PROVIDED DATA:
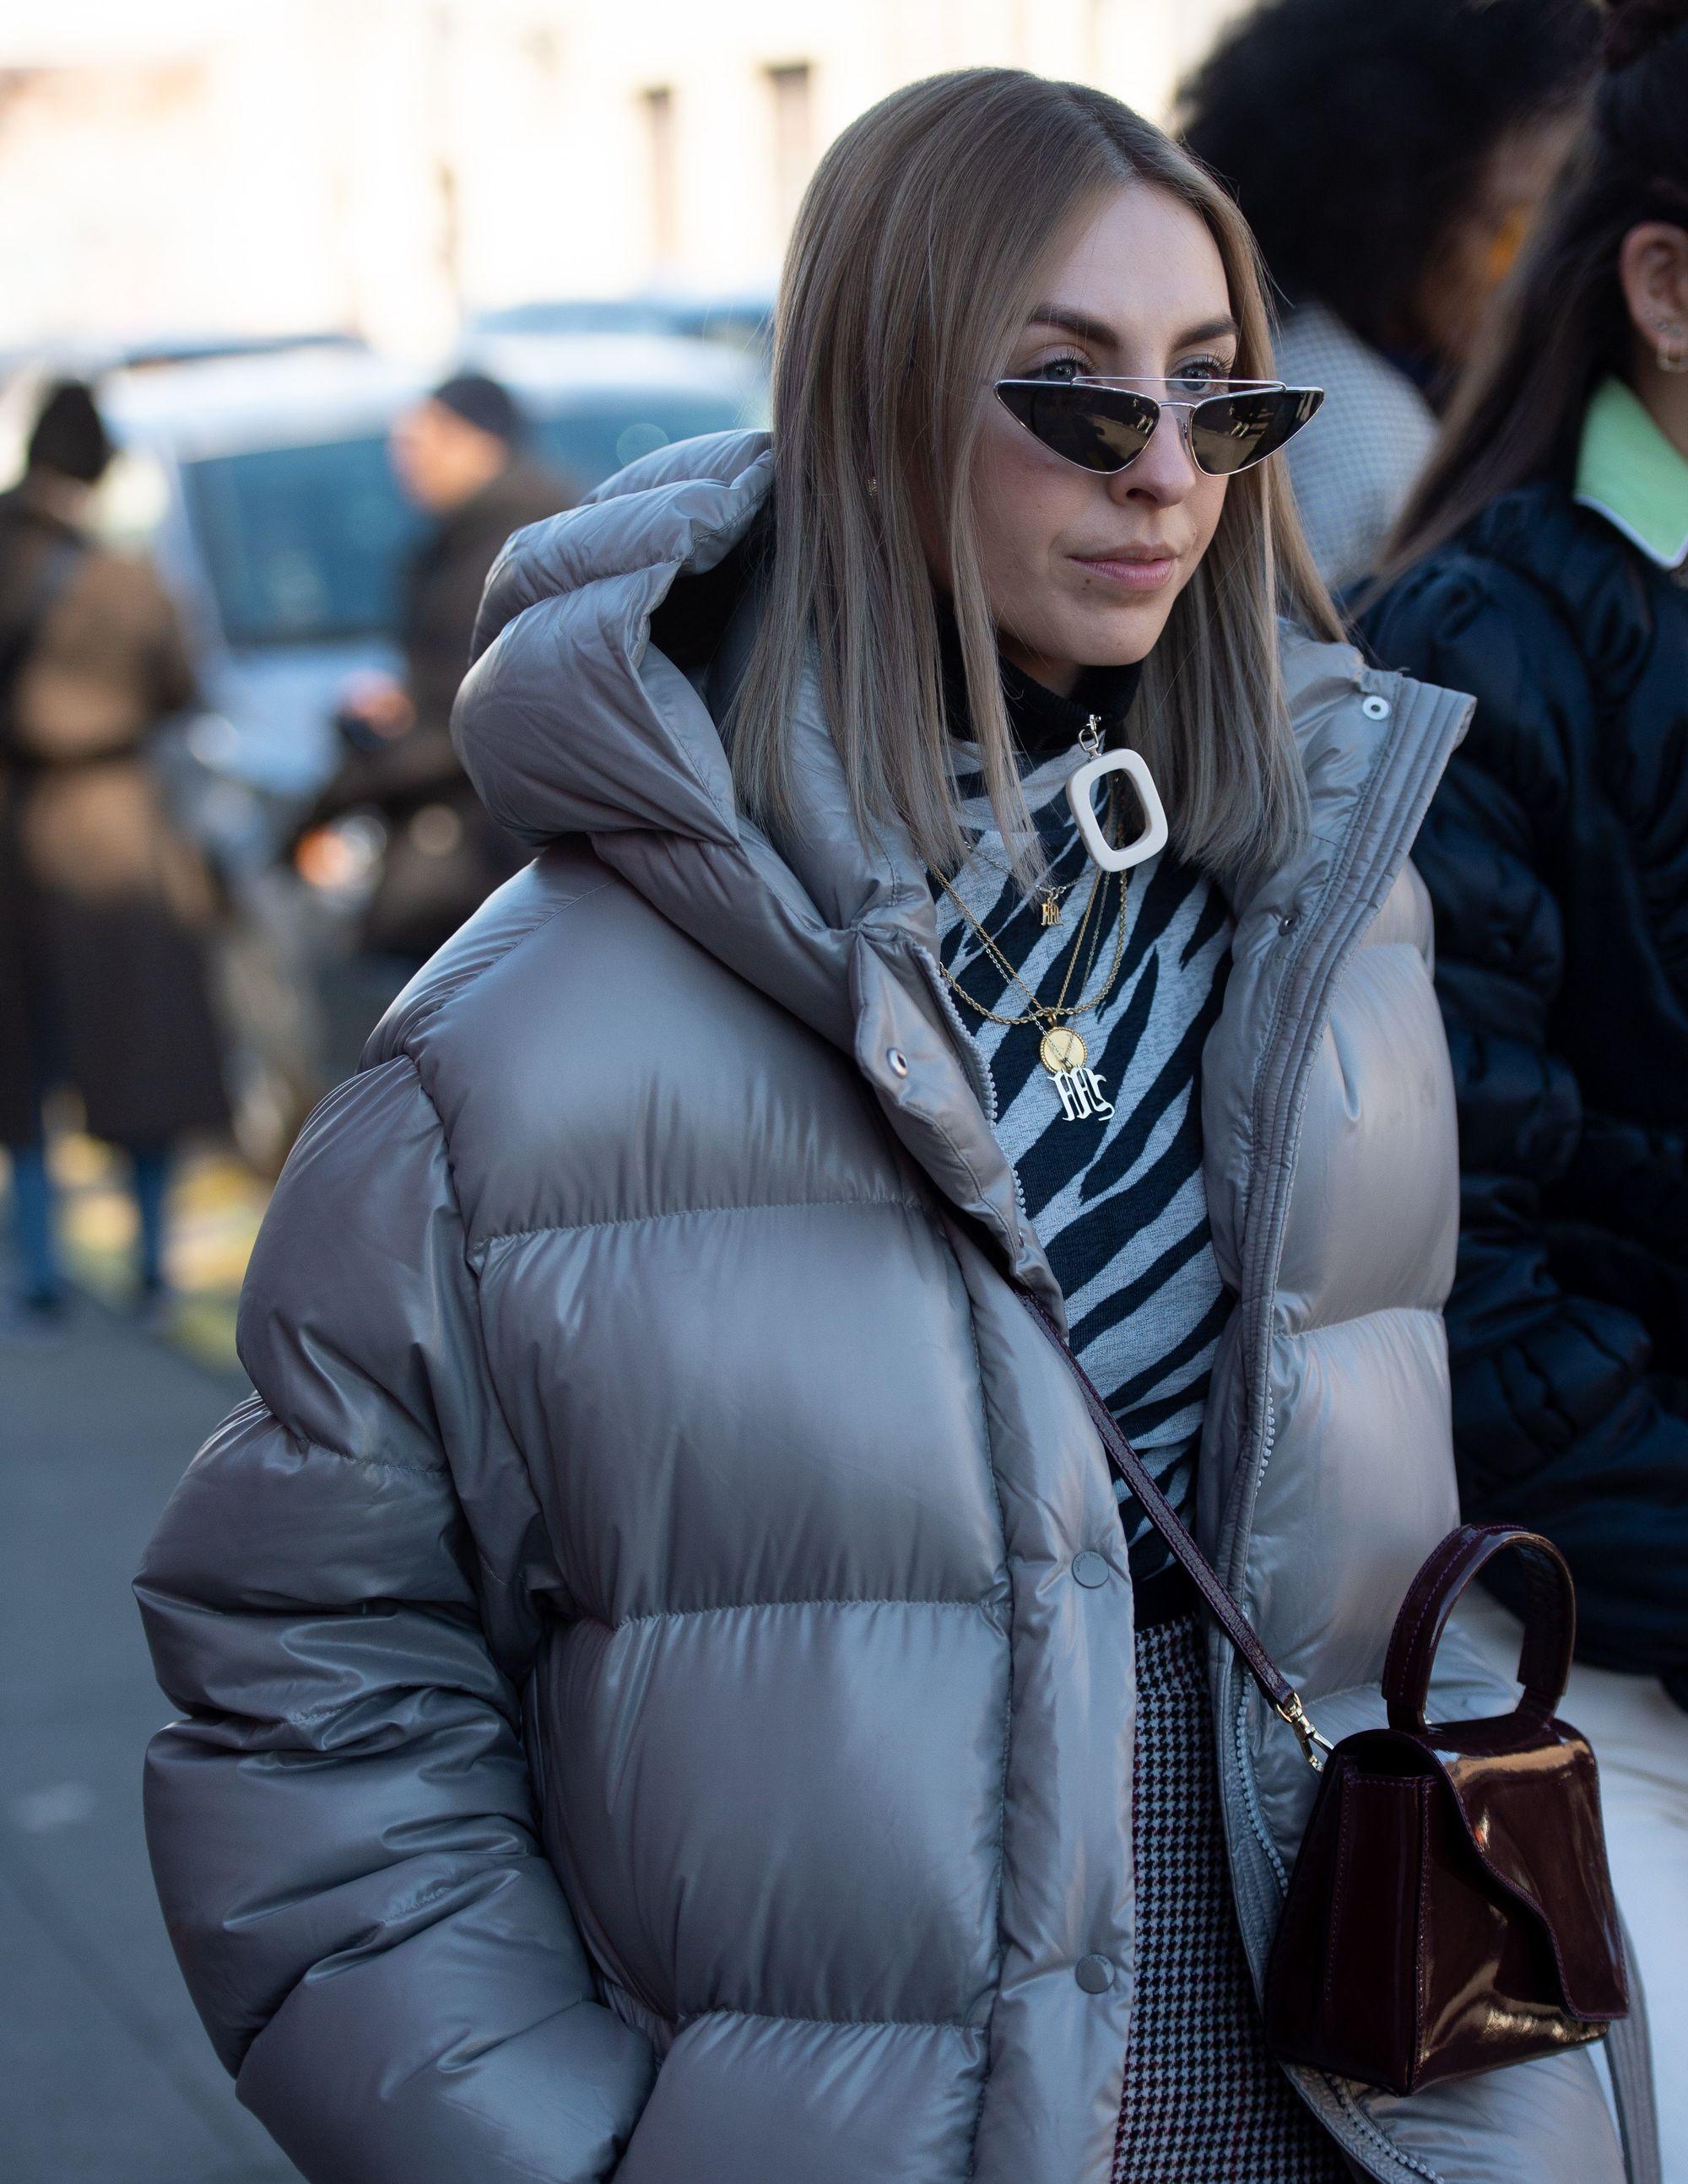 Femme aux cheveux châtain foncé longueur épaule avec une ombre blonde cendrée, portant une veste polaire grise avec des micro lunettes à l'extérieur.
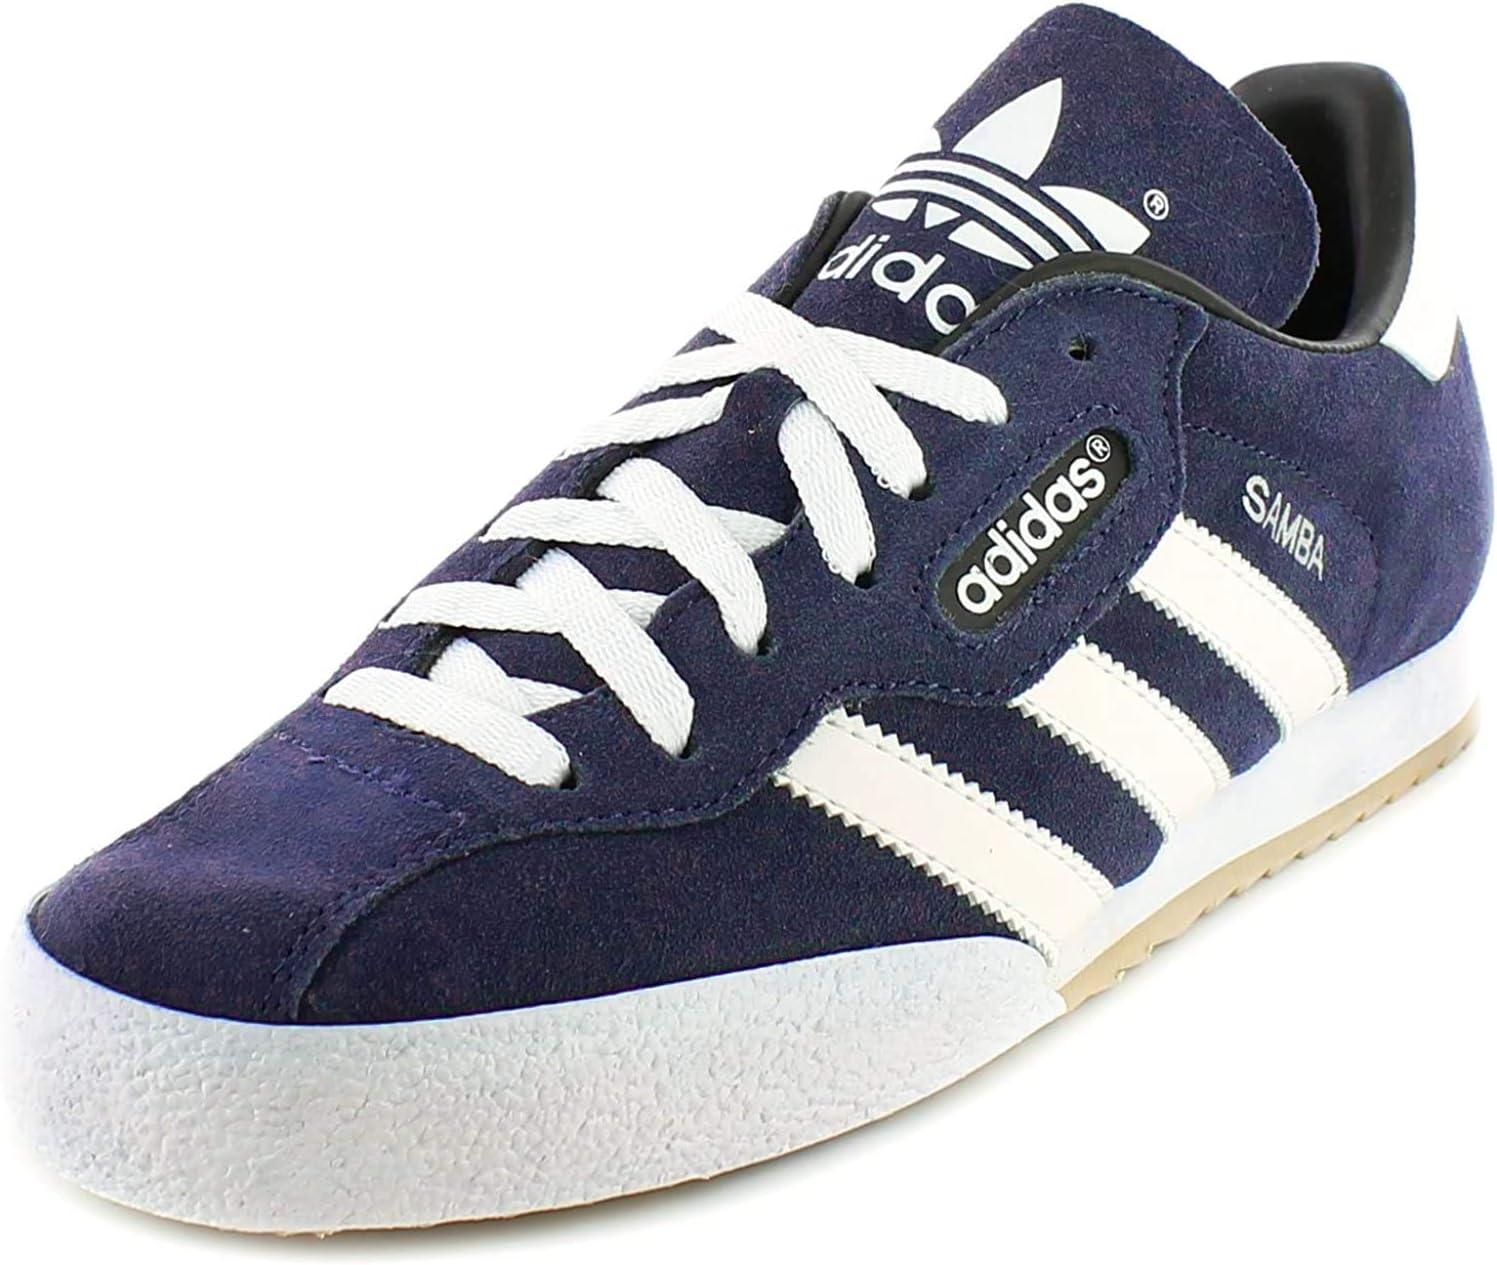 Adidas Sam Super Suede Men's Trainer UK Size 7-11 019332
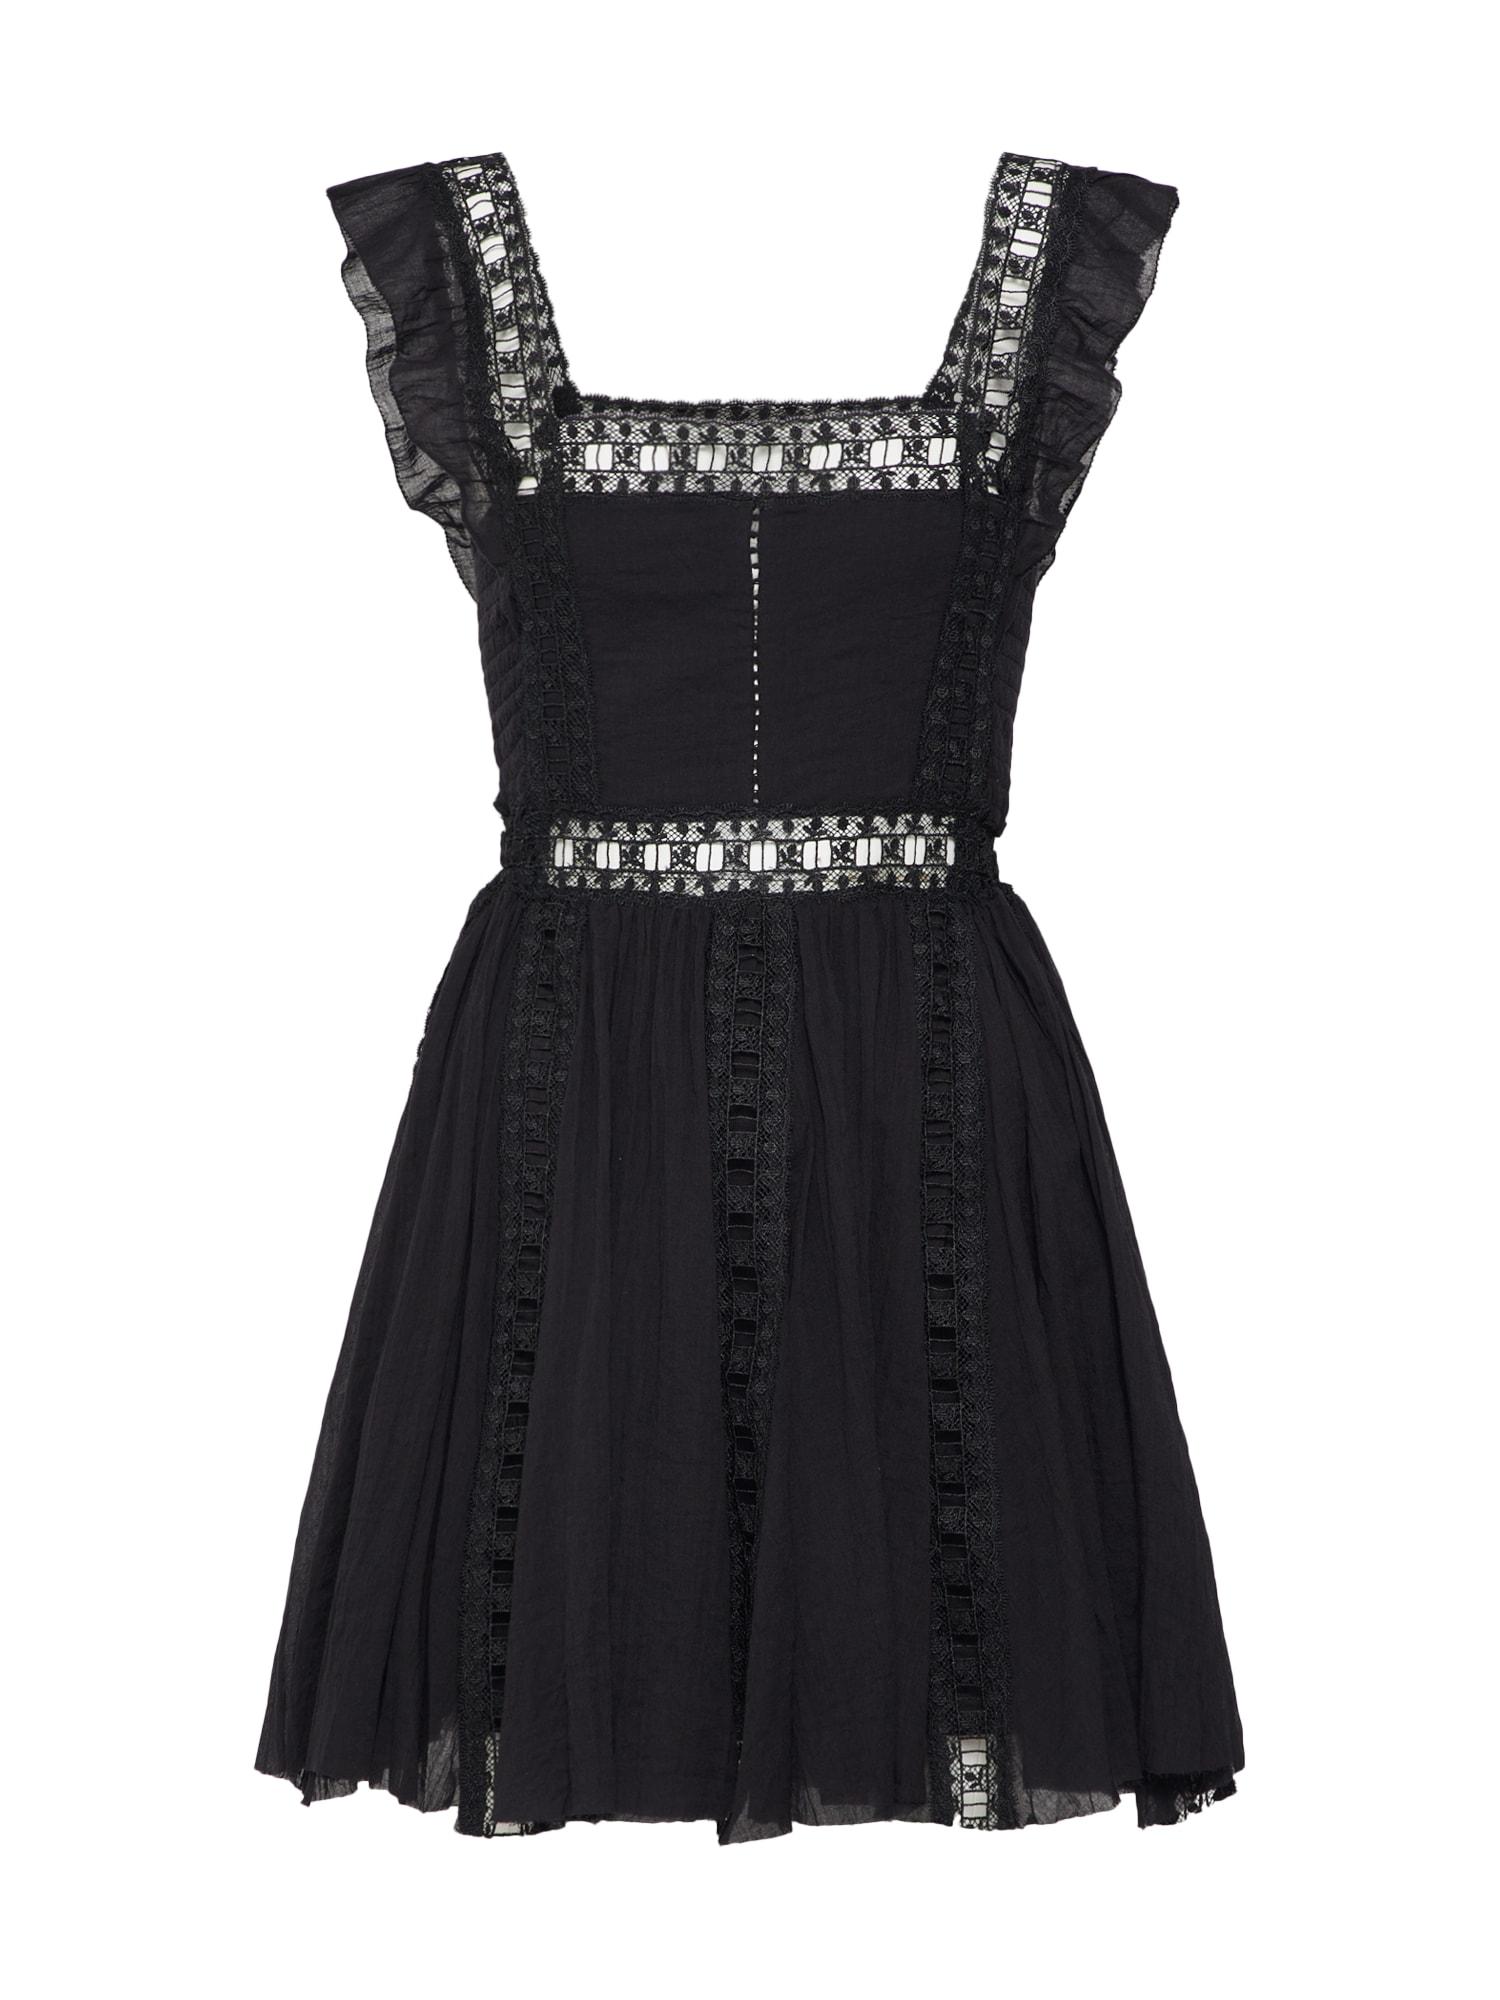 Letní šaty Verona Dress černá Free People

EXERCISE:
The copy must begin with the line containing "Adidas Sam Super", end with the last line of the material, match each line exactly, and hold no pictures.

RESPONSE:
 Adidas Sam Super Suede Men's Trainer UK Size 7-11 019332
 Letní šaty Verona Dress černá Free People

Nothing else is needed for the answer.